You are viewing a plain text version of this content. The canonical link for it is here.

Posted to dev@cocoon.apache.org by Ricardo Rocha <ri...@apache.org> on 2000/08/03 21:09:16 UTC

How to determine encoding?

Is there a way to determine what encoding was specified for an
XML document after parsing?

I'm referring to the case when an encoding is explicitly specified
in the XML declaration, like in:

  <?xml version="1.0" encoding="ISO-8859-5"?>

I've browsed the SAX and DOM javadocs looking for an "official"
way of determining the document's original encoding to no avail
so far... (Btw, my tests reveal that this declaration is _not_
processed as a processing instruction)

This would be very handy for XSP: for proper i18n support,
generated Java programs should be compiled using the same
encoding as the original document. Right now, the author must
specify (redundantly) the encoding as an attribute in the
<xsp:page> root element. We're working on making this root
element optional, so if there's a way of finding out what the
original encoding was we'd remove one more case in which the
<xsp:page> root element is necessary.

Any ideas?

Ricardo

Re: [Cocoon Devel] Re: How to determine encoding?

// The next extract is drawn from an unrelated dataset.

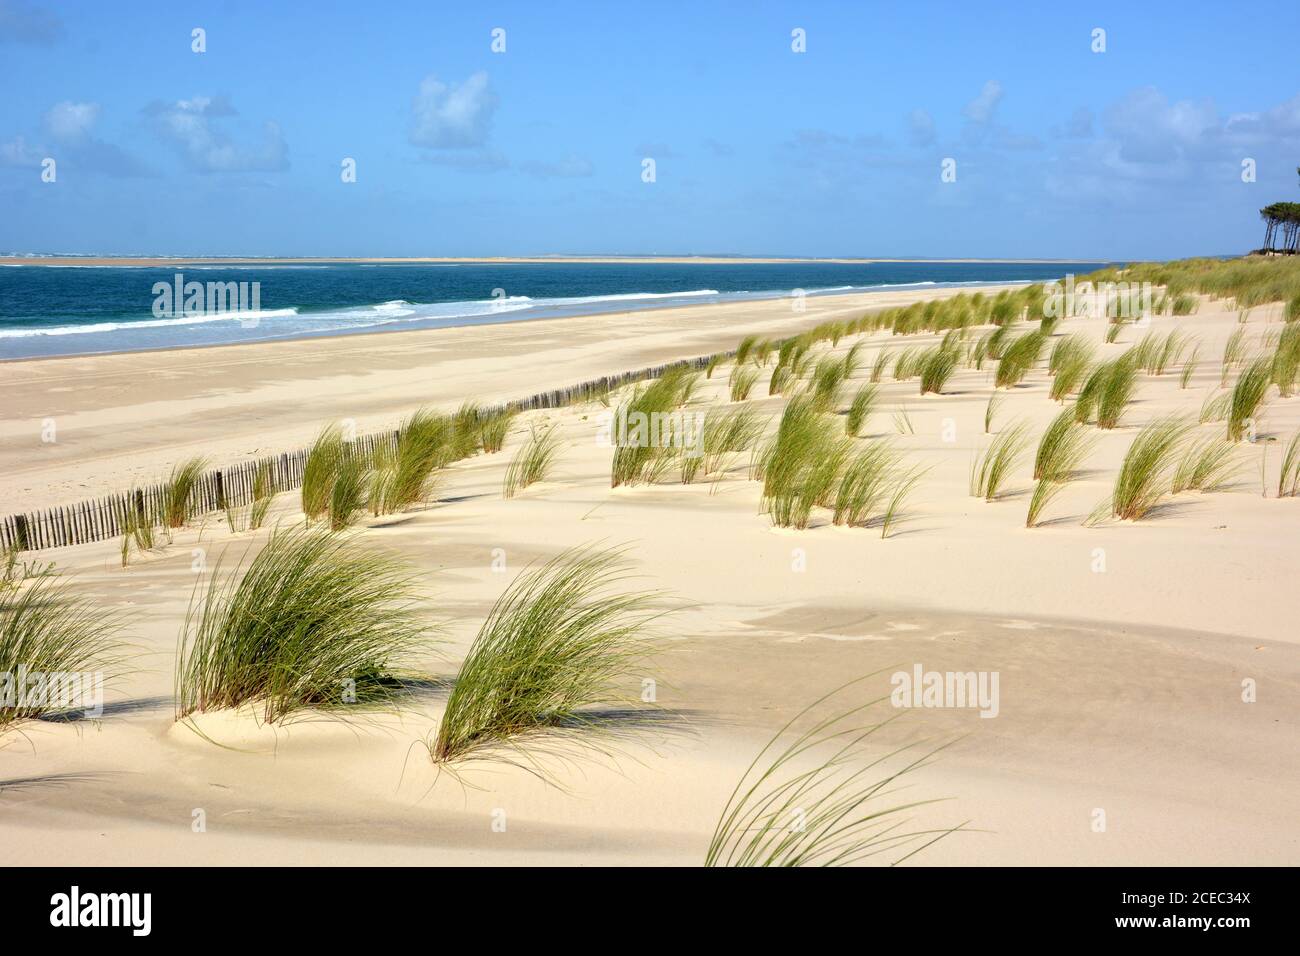 Frankreich, Aquitaine, Gironde, Arcachon-Becken, die atlantikküste wird von einem riesigen Sandstrand mit Dünen und Vawes zum Surfen gesäumt gebildet. Stockfoto

Posted by Stephen Zisk <sz...@mediabridge.net>.


> >>Is there a way to determine what encoding was specified for an
> >>XML document after parsing?
>
>Ricardo,
>Did you ever work out how to do this?
>How?
>
>thanks Jeremy


Am I missing something? I would have said that if there is not explicit 
encoding information, there is no way to accurately derive the encoding. 
The ISO-8859-x character encoding definitions, Windows code pages, and even 
UTF-8 all represent the ASCII character complement using the same one-byte 
encoding as ASCII itself, so unless you propose accented character and 
language matching, how can you distinguish among any of these in a file 
when most of the characters are part of the ASCII complement?

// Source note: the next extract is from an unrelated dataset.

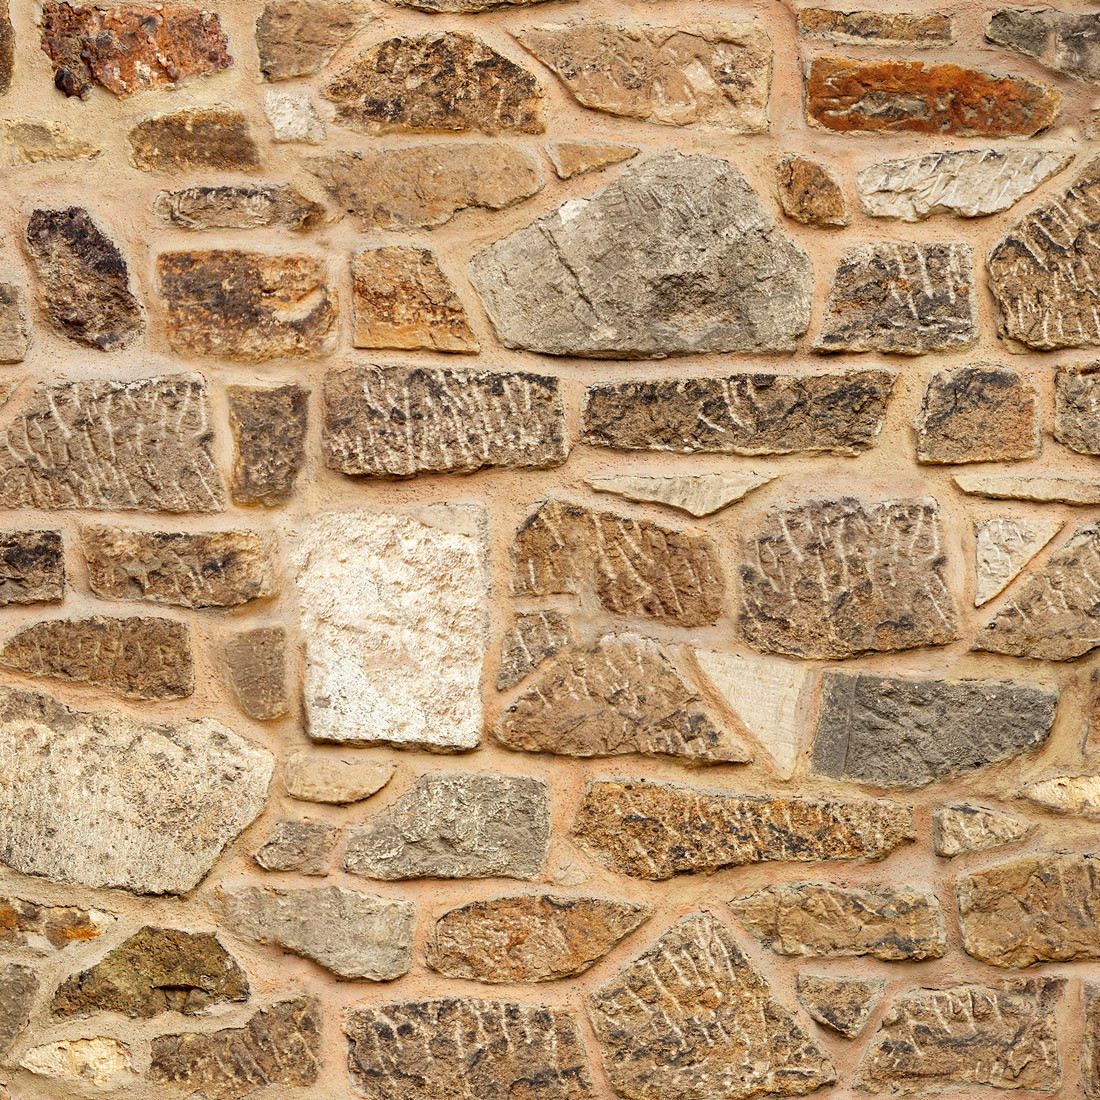 Papel de Parede Muro Canjiquinha (Pedras) - Loja Parede de Papel

You might have a chance distinguishing UTF-8 from the others by recognizing 
common multi-byte sequences, but for all of the one-byte encodings, most of 
the non-ASCII character codes represent meaningful characters. This is 
especially true for minor variants like ISO-8859-1 vs ISO-8859-17.

Stephen Zisk

----------
Stephen Zisk                      MediaBridge Technologies
email:  szisk@mediabridge.net     100 Nagog Park
tel:    978-795-7040              Acton, MA 01720    USA
fax:    978-795-7100              http://www.mediabridge.net

Re: How to determine encoding?

Posted by Jeremy Quinn <je...@media.demon.co.uk>.

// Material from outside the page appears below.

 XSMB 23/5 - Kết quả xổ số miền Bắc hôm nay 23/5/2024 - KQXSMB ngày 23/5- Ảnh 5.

At 11:19 +0100 04/08/00, Jeremy Quinn wrote:
>At 14:09 -0500 03/08/00, Ricardo Rocha wrote:
>>
>>Is there a way to determine what encoding was specified for an
>>XML document after parsing?

Ricardo,

Did you ever work out how to do this?

How?

thanks Jeremy
-- 
   ___________________________________________________________________

   Jeremy Quinn                                           Karma Divers
                                                       webSpace Design
                                            HyperMedia Research Centre

   <ma...@mac.com>     		 <http://www.media.demon.co.uk>
    <phone:+44.[0].20.7737.6831>        <pa...@sms.genie.co.uk>

Re: How to determine encoding?

Posted by Jeremy Quinn <je...@media.demon.co.uk>.

At 14:09 -0500 03/08/00, Ricardo Rocha wrote:
>
>Is there a way to determine what encoding was specified for an
>XML document after parsing?

I doubt this helps ....

But I did something like this in the FP TagLib fpResource Library:


public Document loadDocument(File f) {
	DOMParser parser = new DOMParser();
	try {
		InputSource is = new InputSource(f.toString());
		String enc = is.getEncoding();
		if (!enc.equals("")) { workEncoding = enc; }
		parser.parse(is);
	} catch (Exception e) {}
}

regards Jeremy
-- 
   ___________________________________________________________________

   Jeremy Quinn                                           Karma Divers
                                                       webSpace Design
                                            HyperMedia Research Centre

   <ma...@mac.com>     		 <http://www.media.demon.co.uk>
    <phone:+44.[0].20.7737.6831>        <pa...@sms.genie.co.uk>